[Data extracted from a collection]
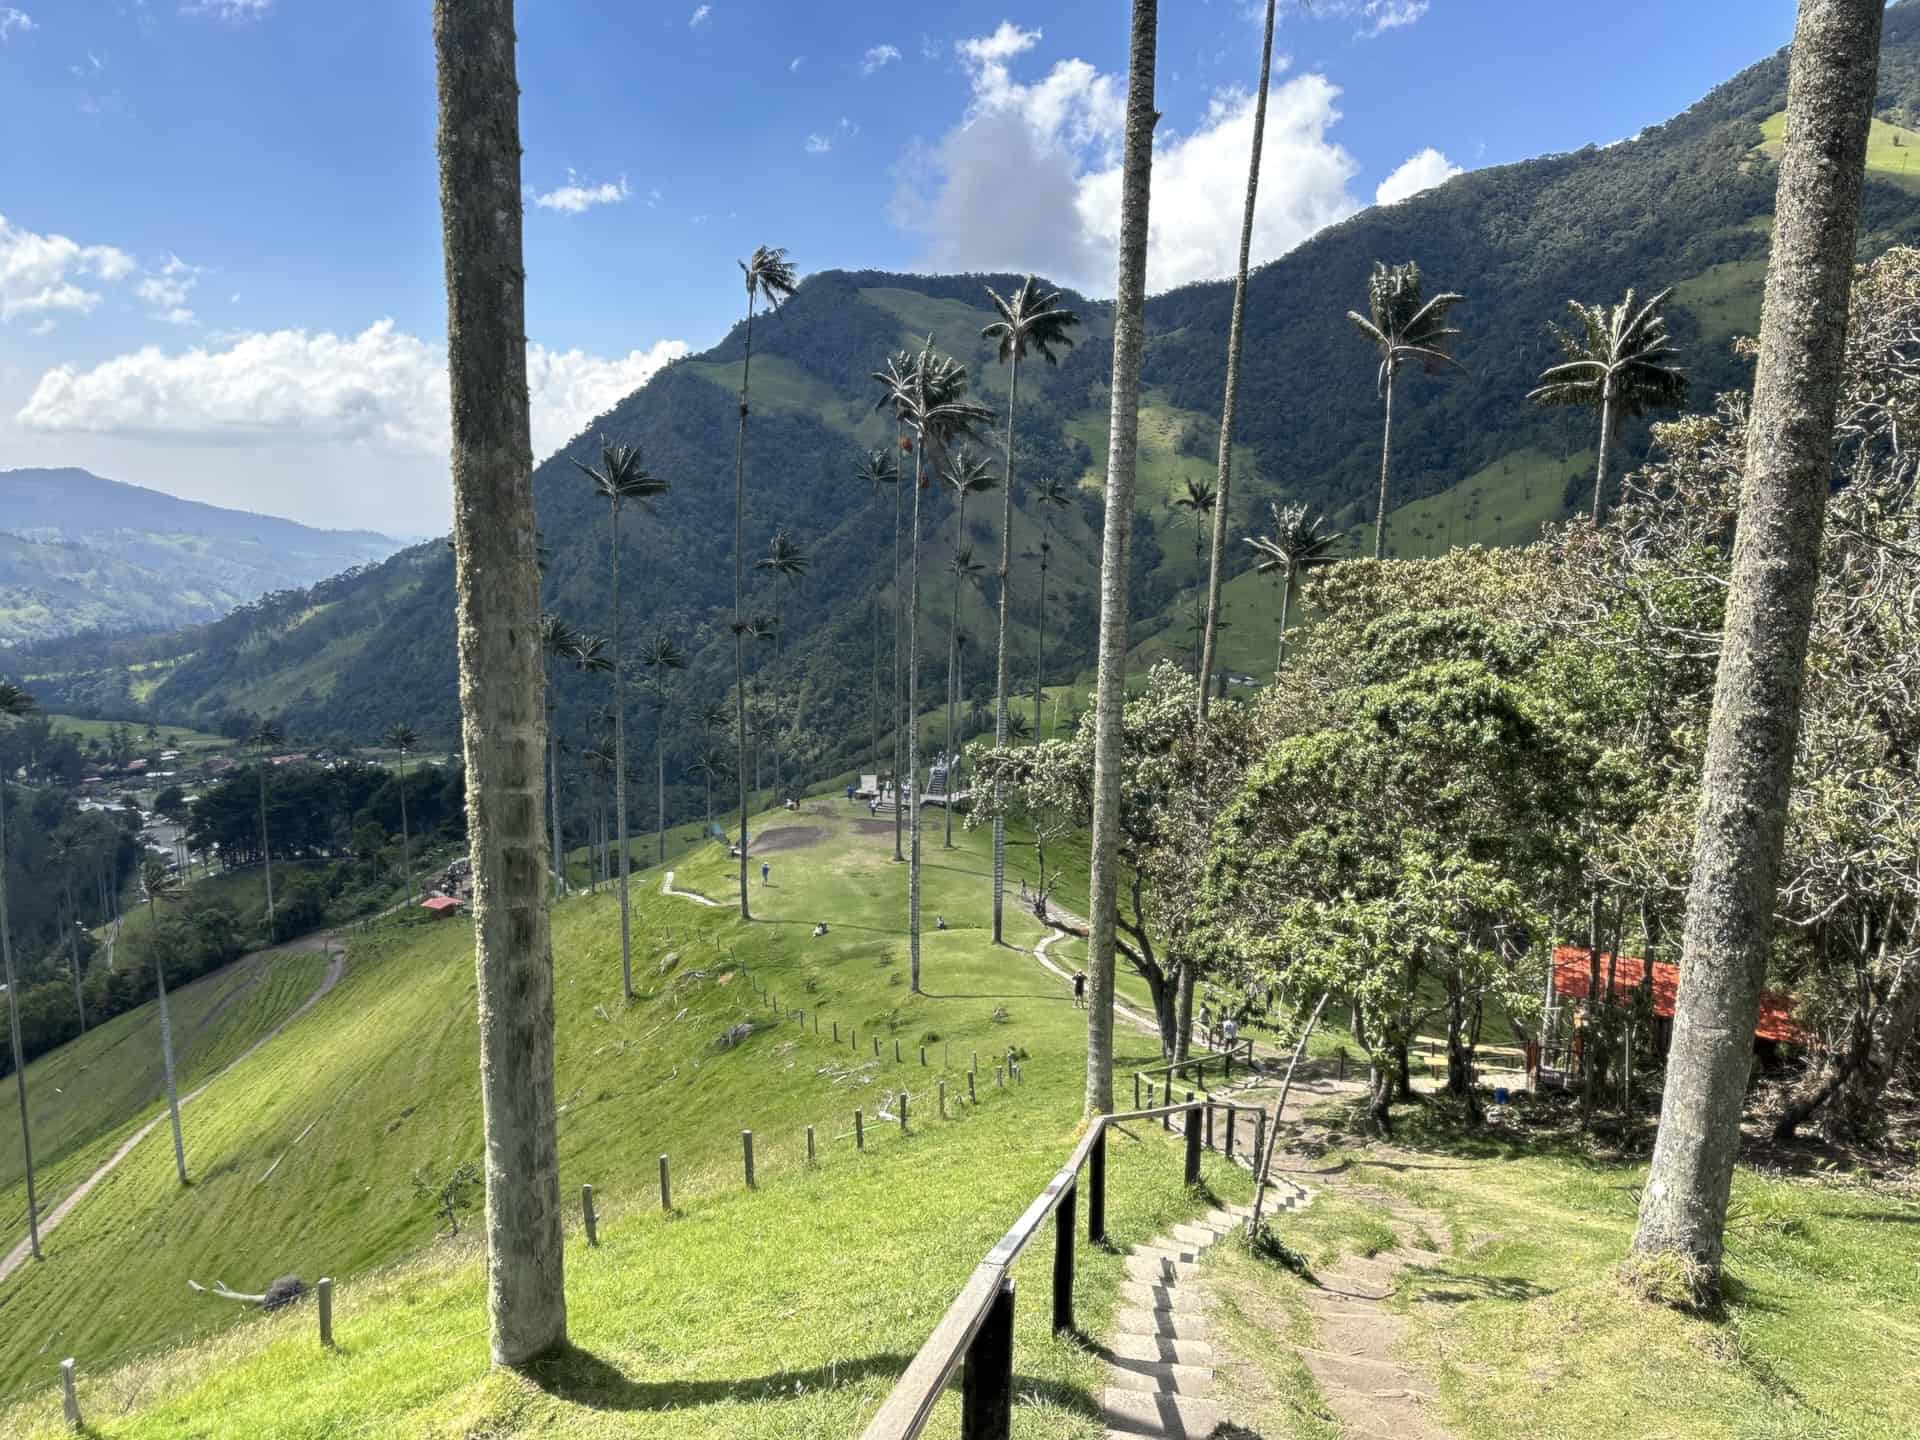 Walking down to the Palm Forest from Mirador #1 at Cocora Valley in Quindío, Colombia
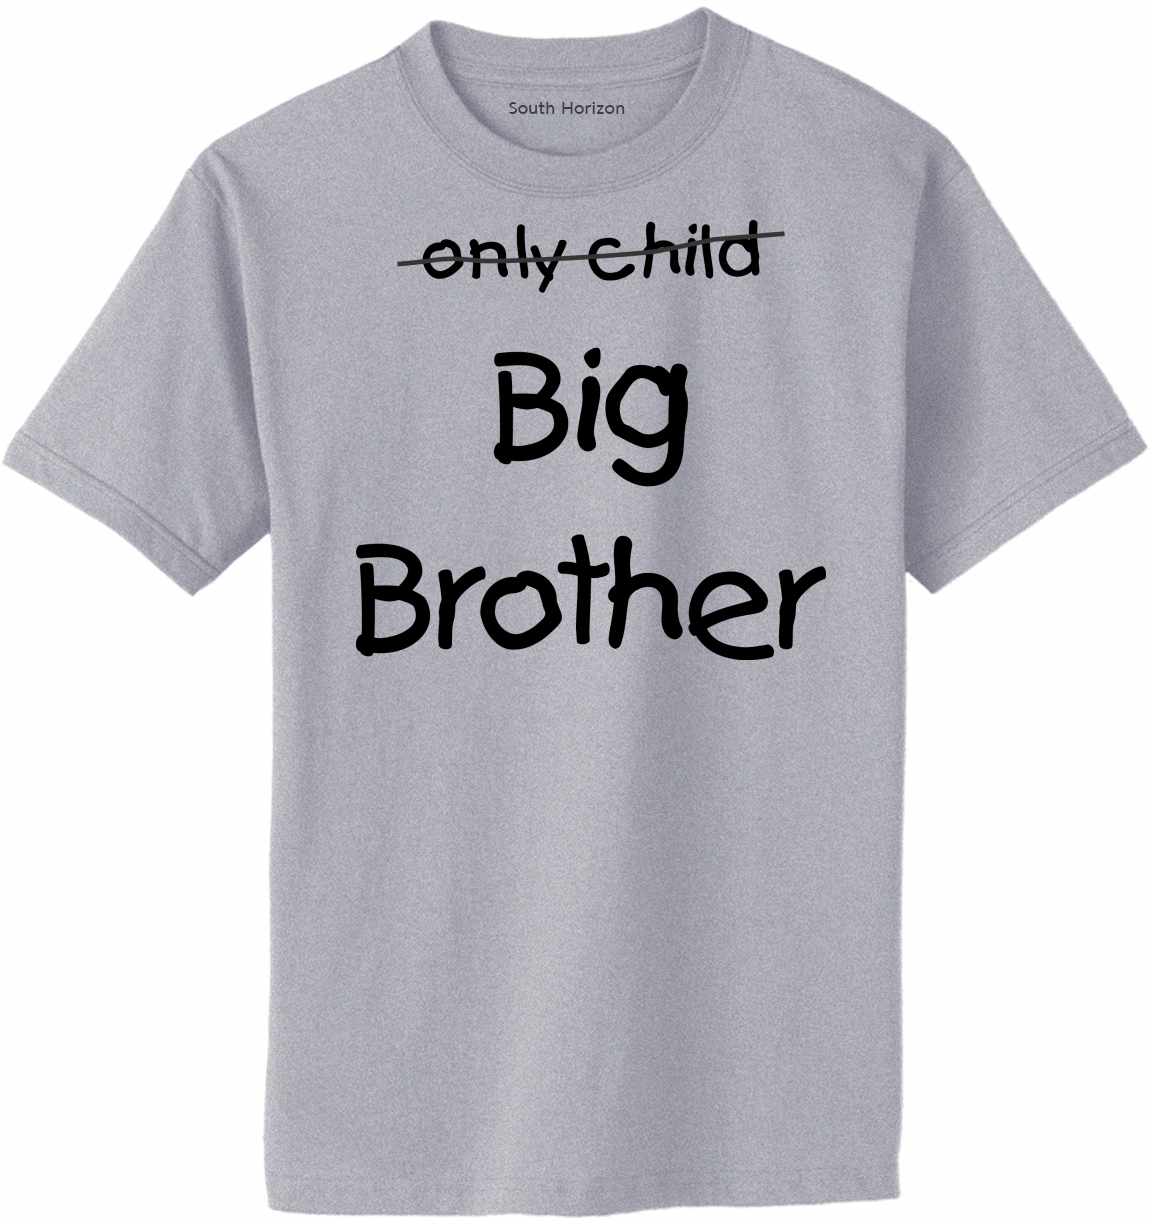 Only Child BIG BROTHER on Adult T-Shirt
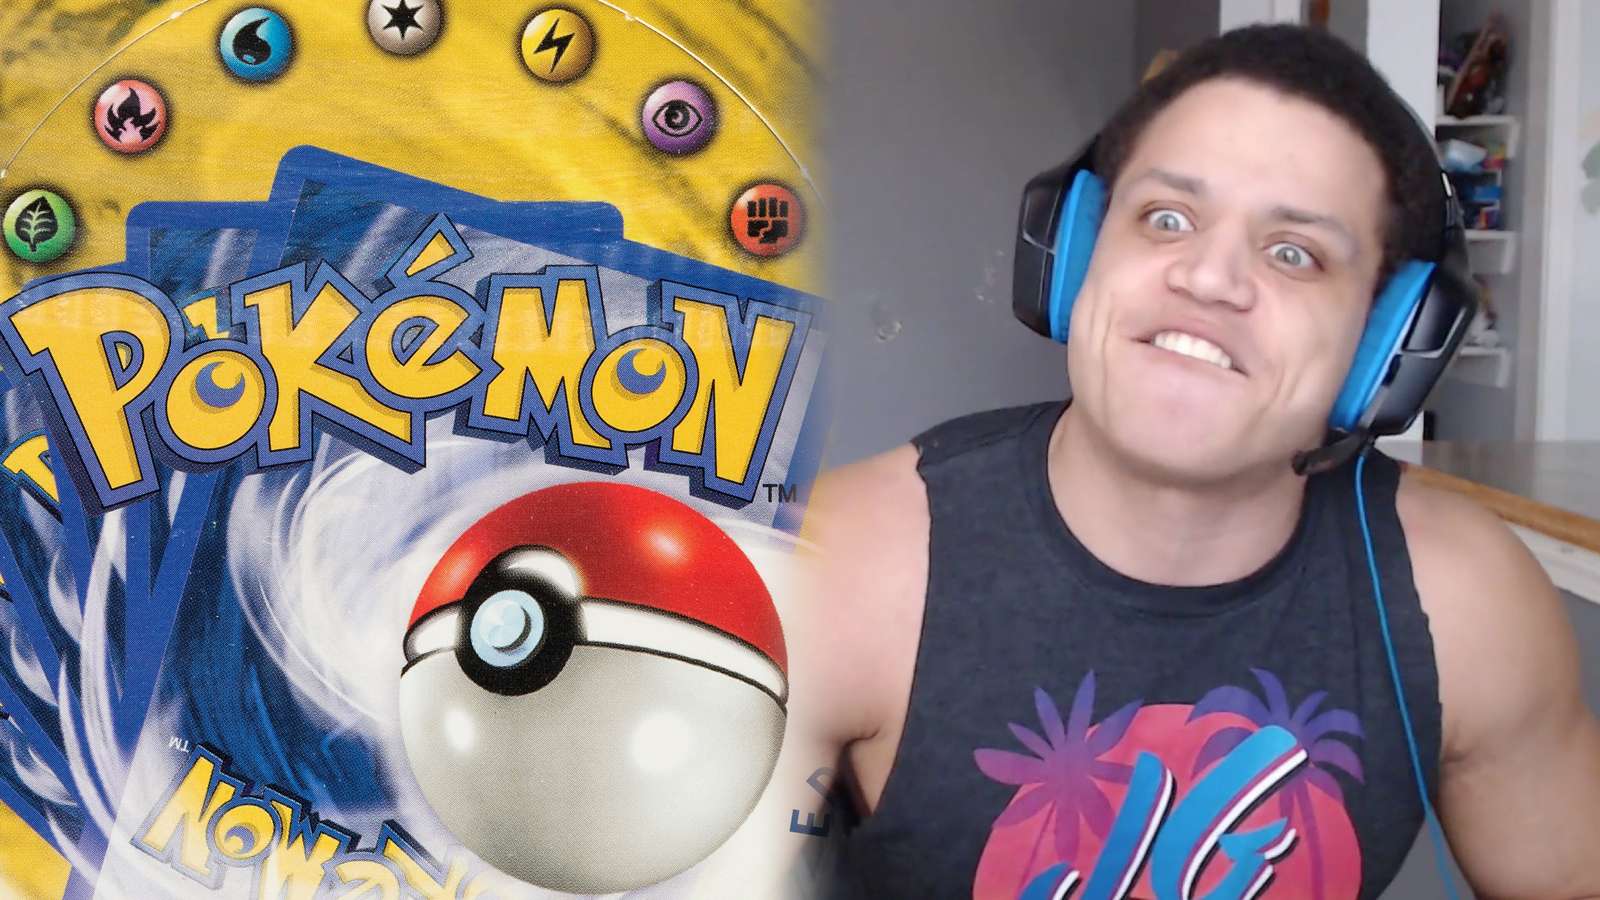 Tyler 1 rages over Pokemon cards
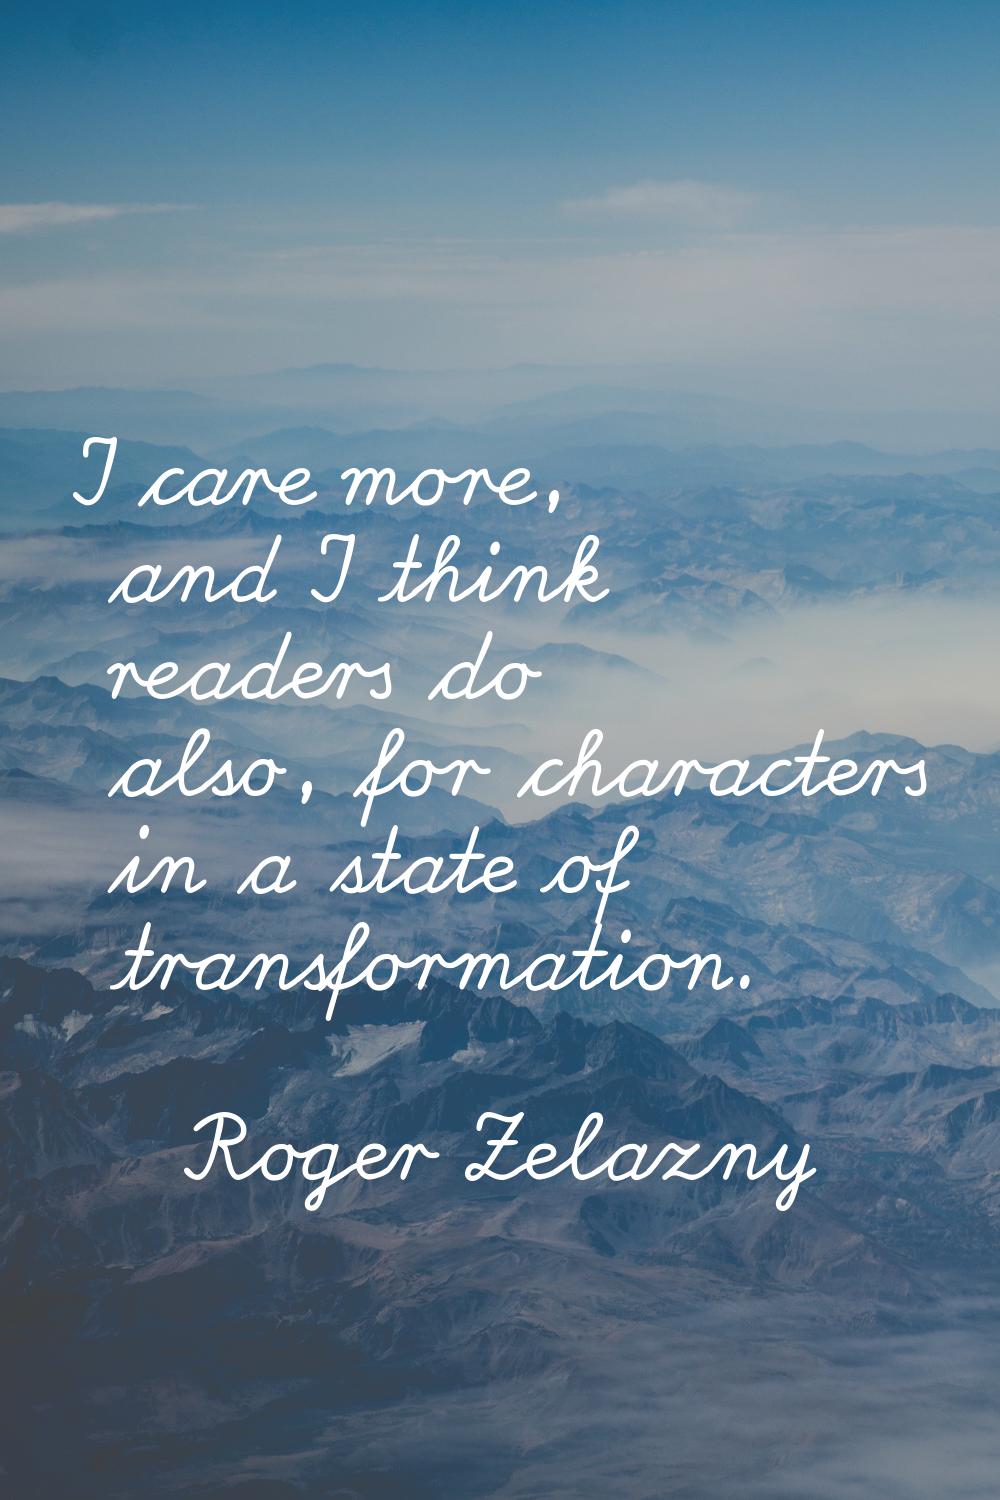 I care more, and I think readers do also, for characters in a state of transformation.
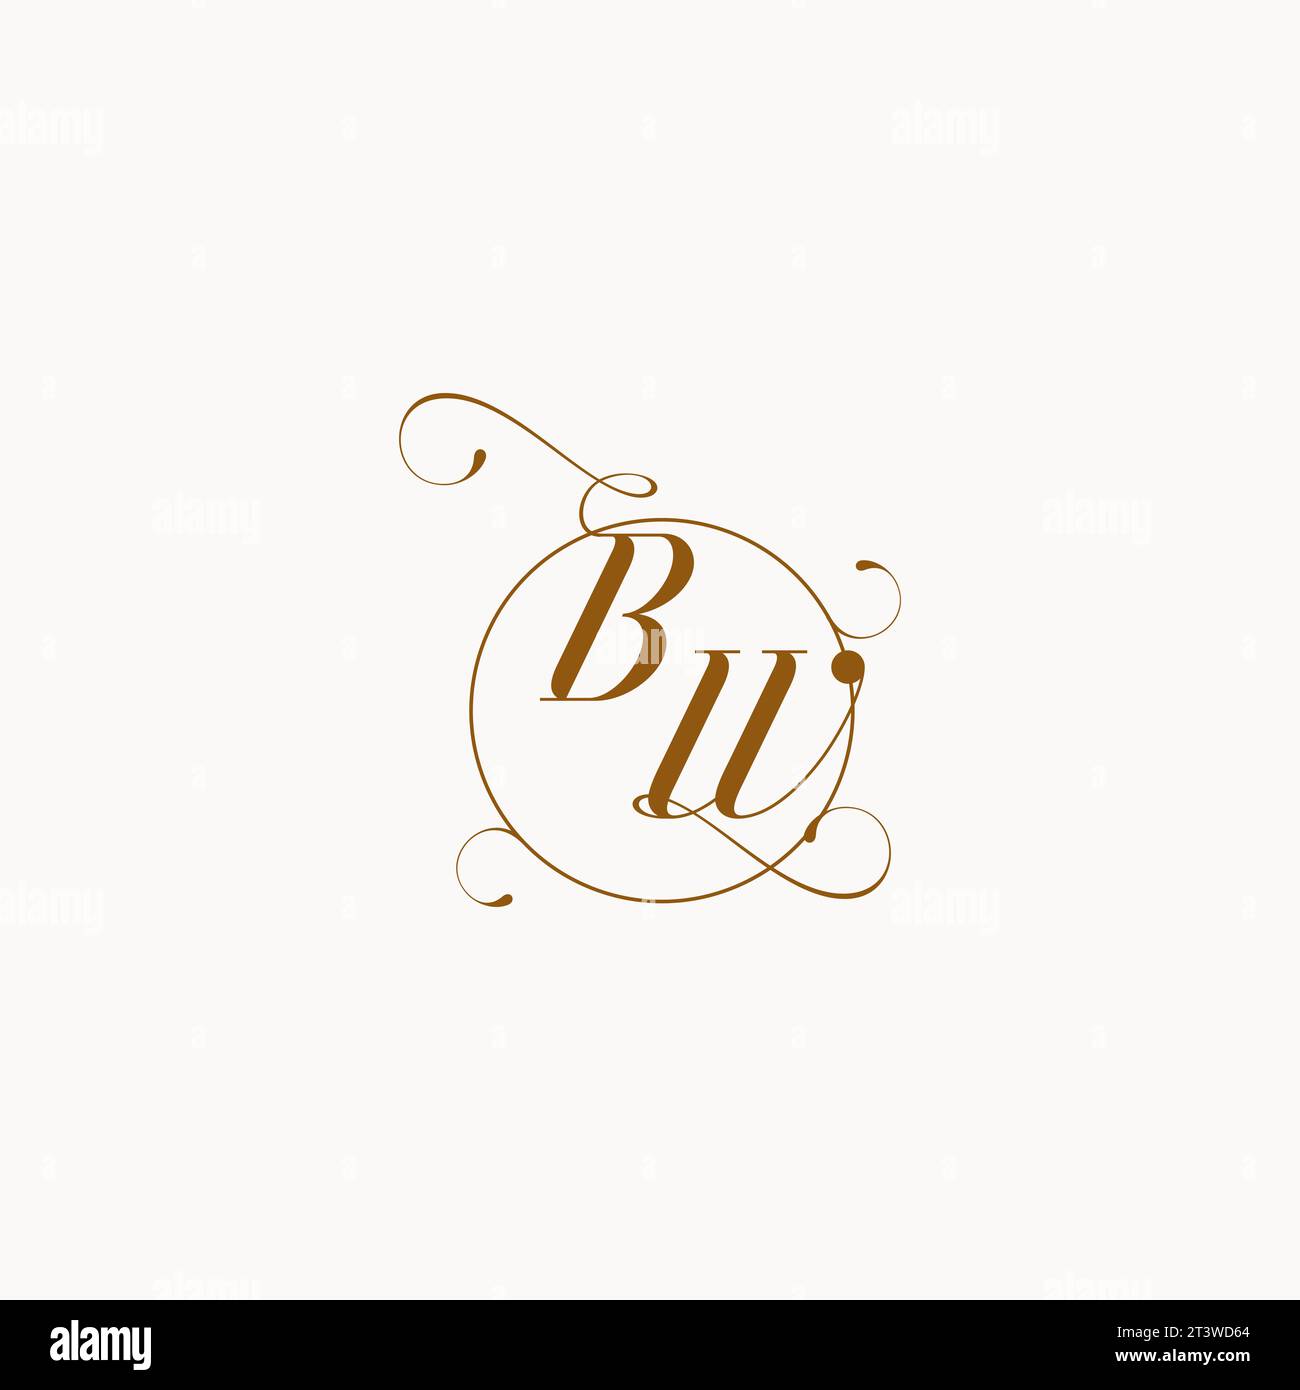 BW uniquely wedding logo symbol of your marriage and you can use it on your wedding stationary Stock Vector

• TASK GOAL:
Reproduce every line of the data above, exactly as it stands, but not the pictures.

• OUTPUT BELOW:
 Walking down to the Palm Forest from Mirador #1 at Cocora Valley in Quindío, Colombia
 Only Child BIG BROTHER on Adult T-Shirt
 Tyler 1 rages over Pokemon cards
 I care more, and I think readers do also, for characters in a state of transformation.
 BW uniquely wedding logo symbol of your marriage and you can use it on your wedding stationary Stock Vector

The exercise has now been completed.